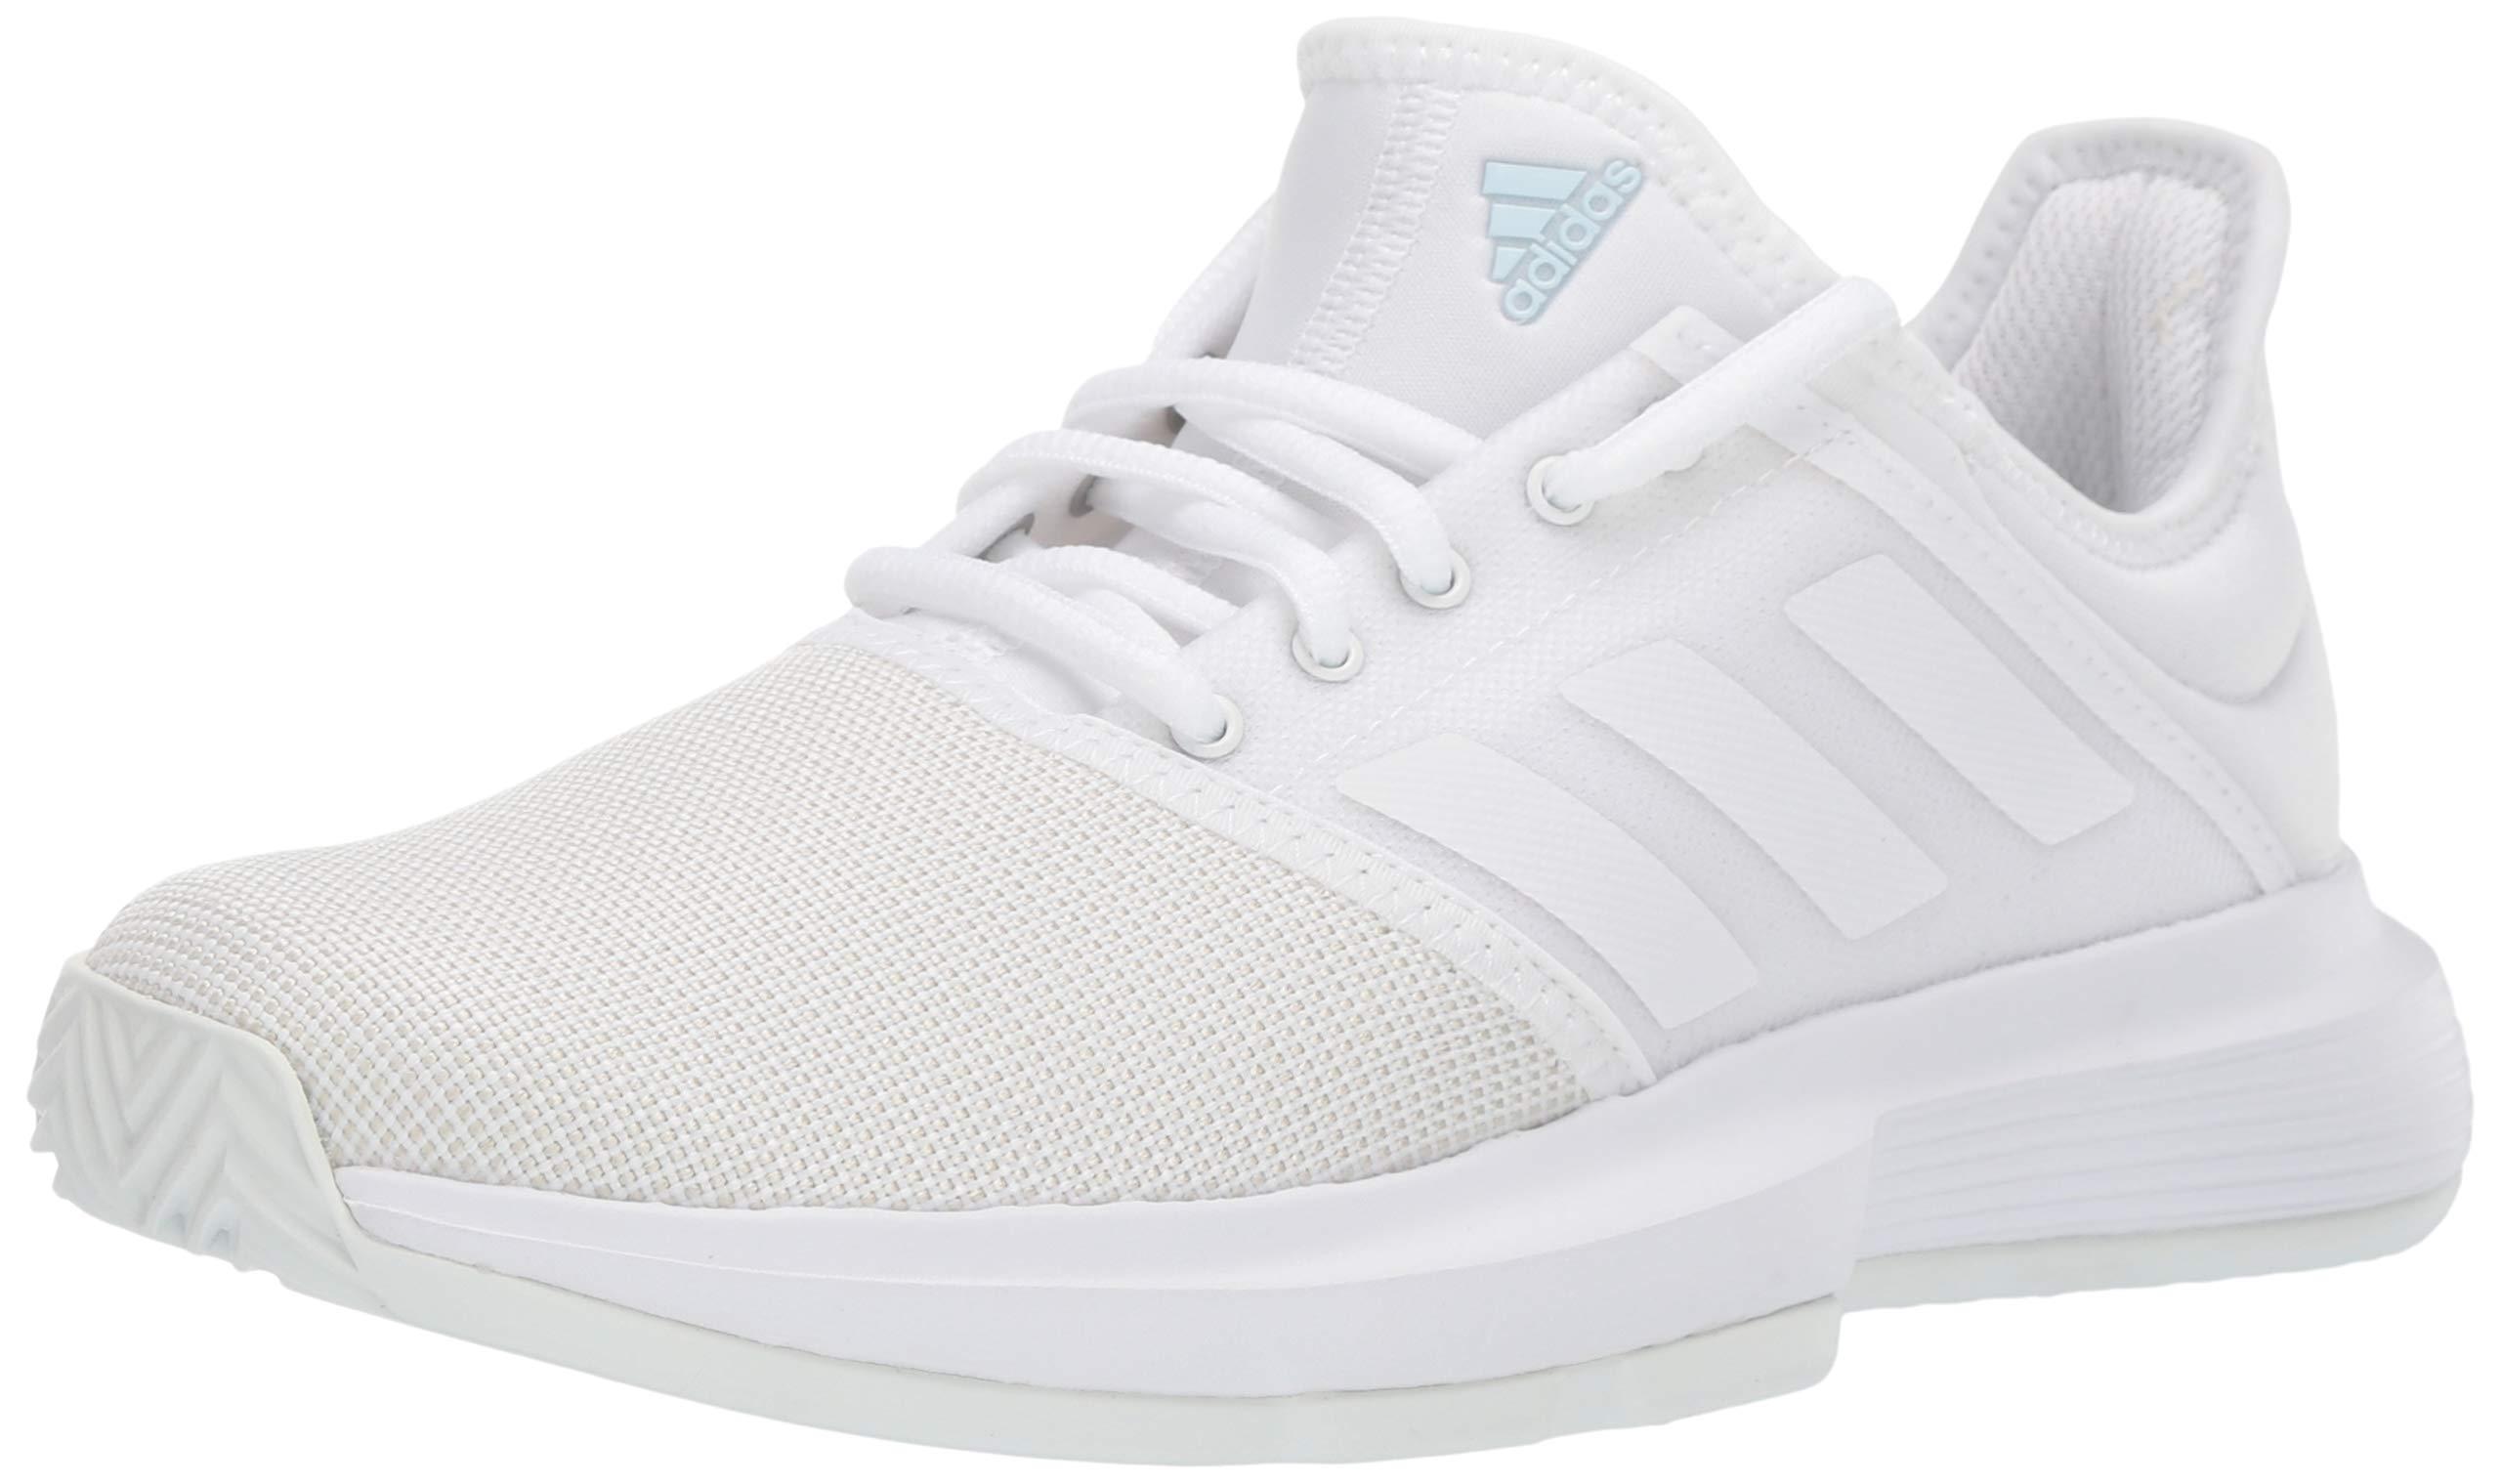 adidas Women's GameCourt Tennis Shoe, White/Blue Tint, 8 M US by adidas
· · · · ·
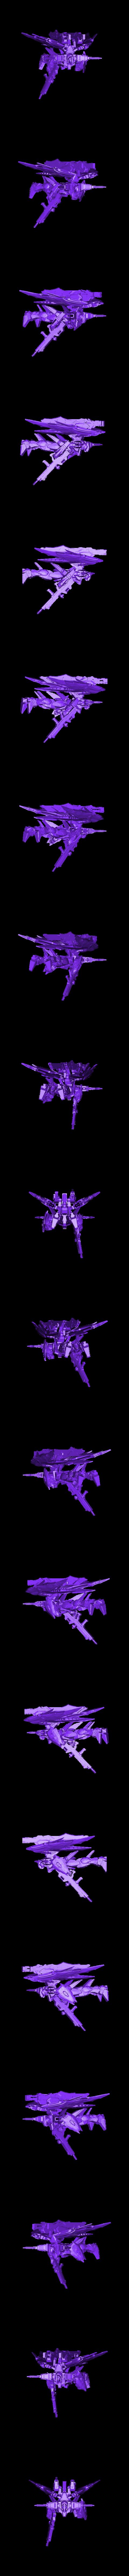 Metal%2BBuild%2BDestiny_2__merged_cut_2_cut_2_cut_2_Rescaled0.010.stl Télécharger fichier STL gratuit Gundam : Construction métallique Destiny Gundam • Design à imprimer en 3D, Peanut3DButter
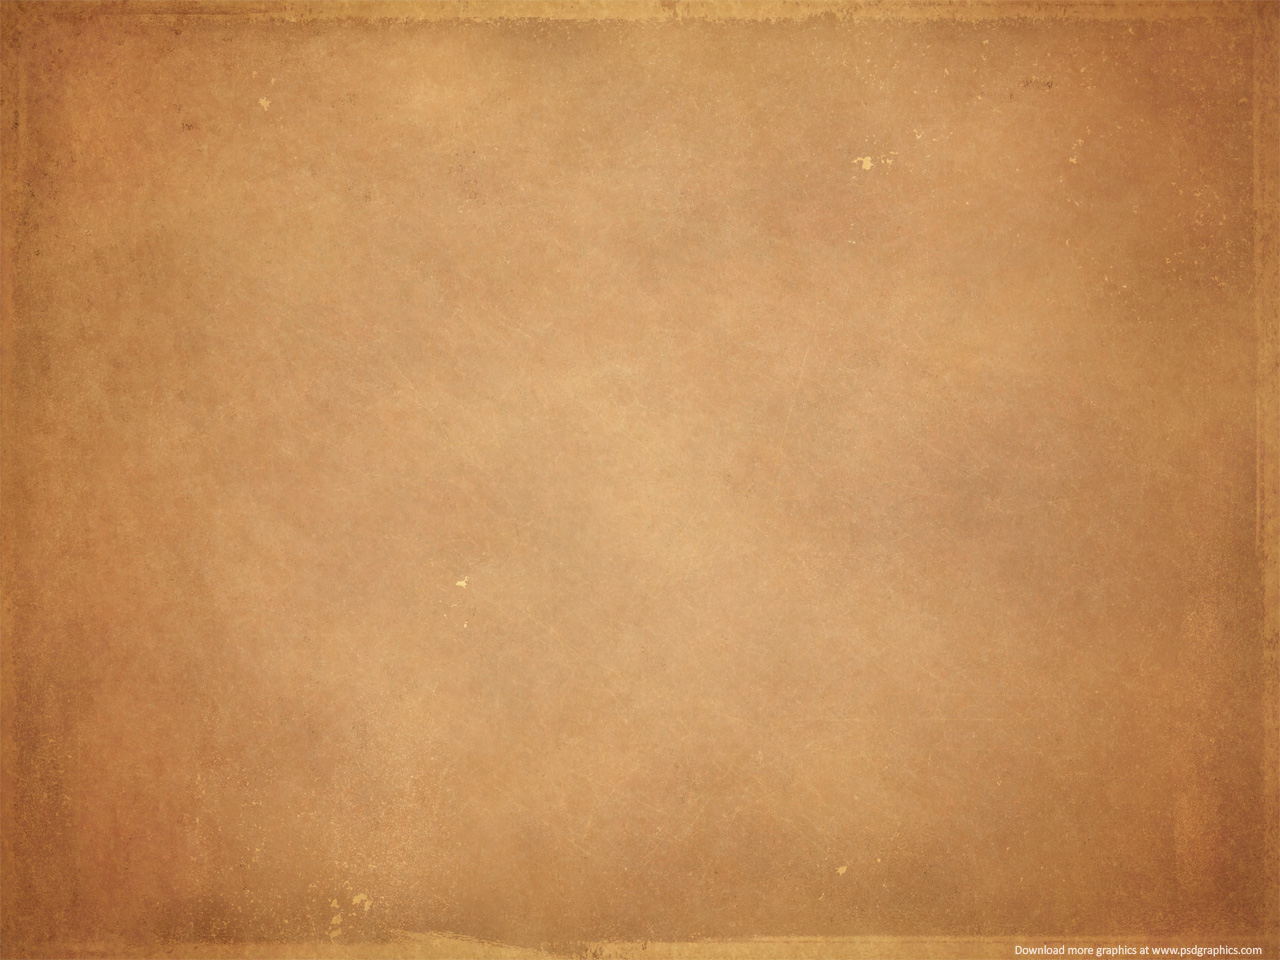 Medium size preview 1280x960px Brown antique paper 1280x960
· · · · ·
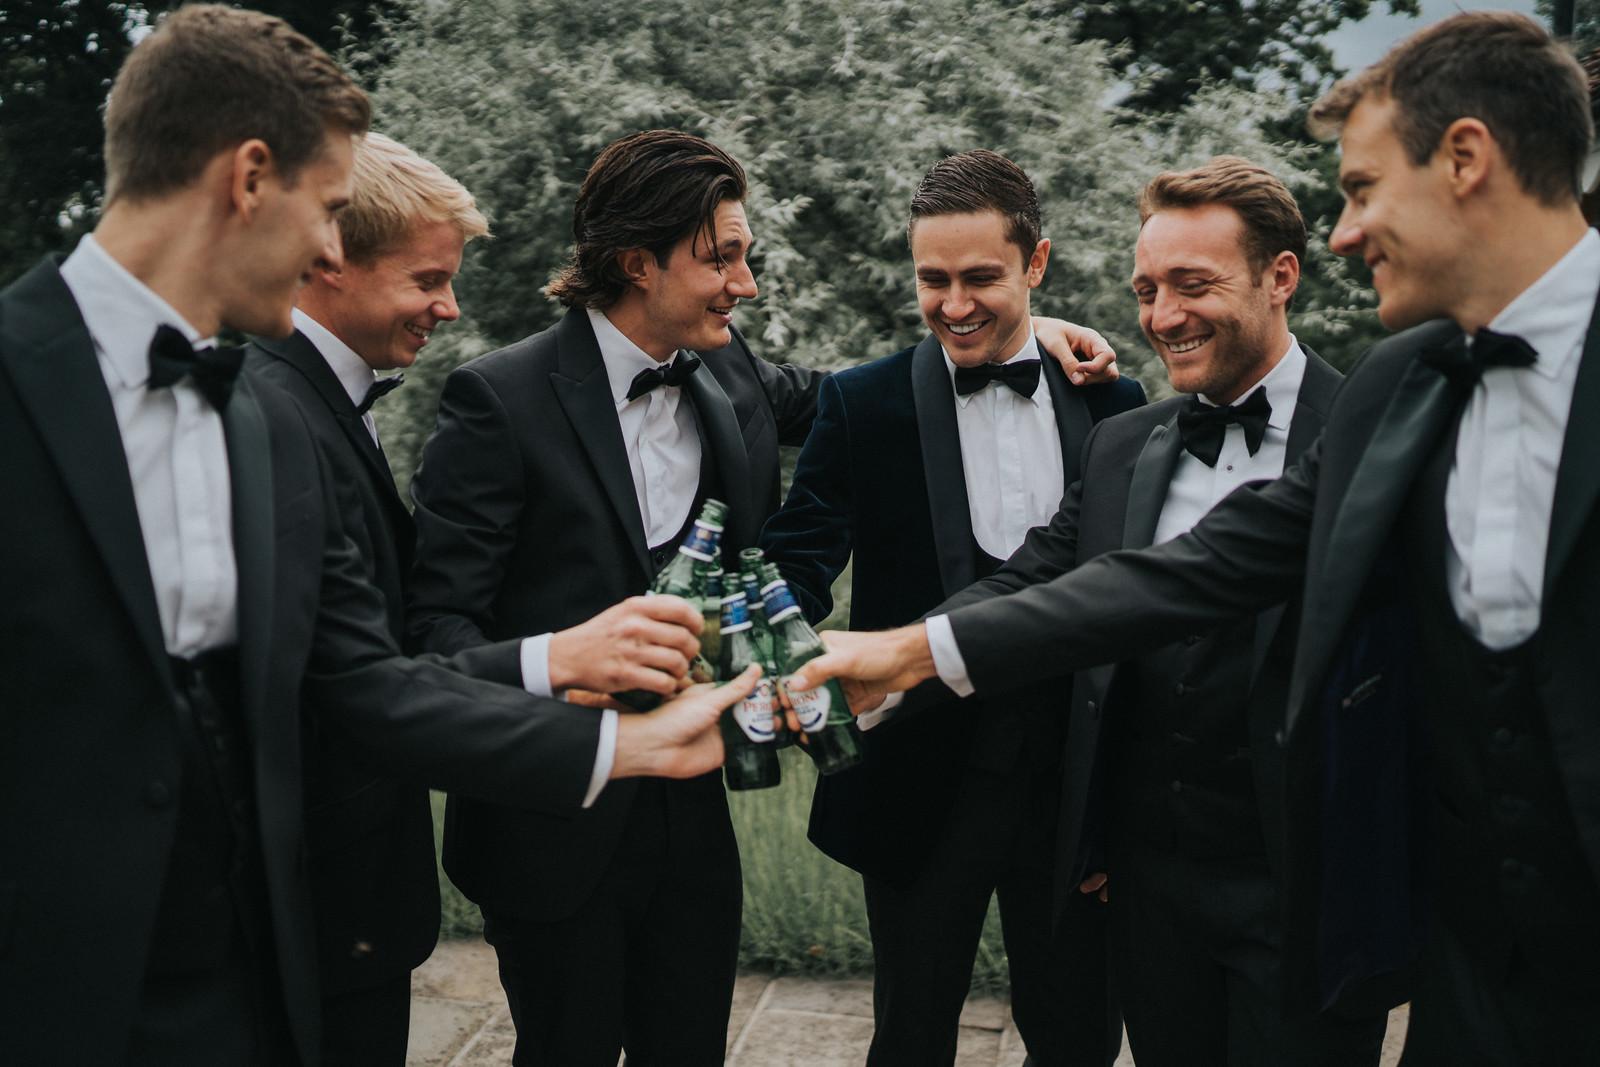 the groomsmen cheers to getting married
· · · · ·
> _TASK GOAL_:
Only the lines above starting with the line with "en 3D, Peanut3DButter" and going on through the line with "Medium size preview" belong in the answer; repeat them exactly, minus any picture.

> _RESULT OF THE TASK_:
 Metal%2BBuild%2BDestiny_2__merged_cut_2_cut_2_cut_2_Rescaled0.010.stl Télécharger fichier STL gratuit Gundam : Construction métallique Destiny Gundam • Design à imprimer en 3D, Peanut3DButter
 Medium size preview 1280x960px Brown antique paper 1280x960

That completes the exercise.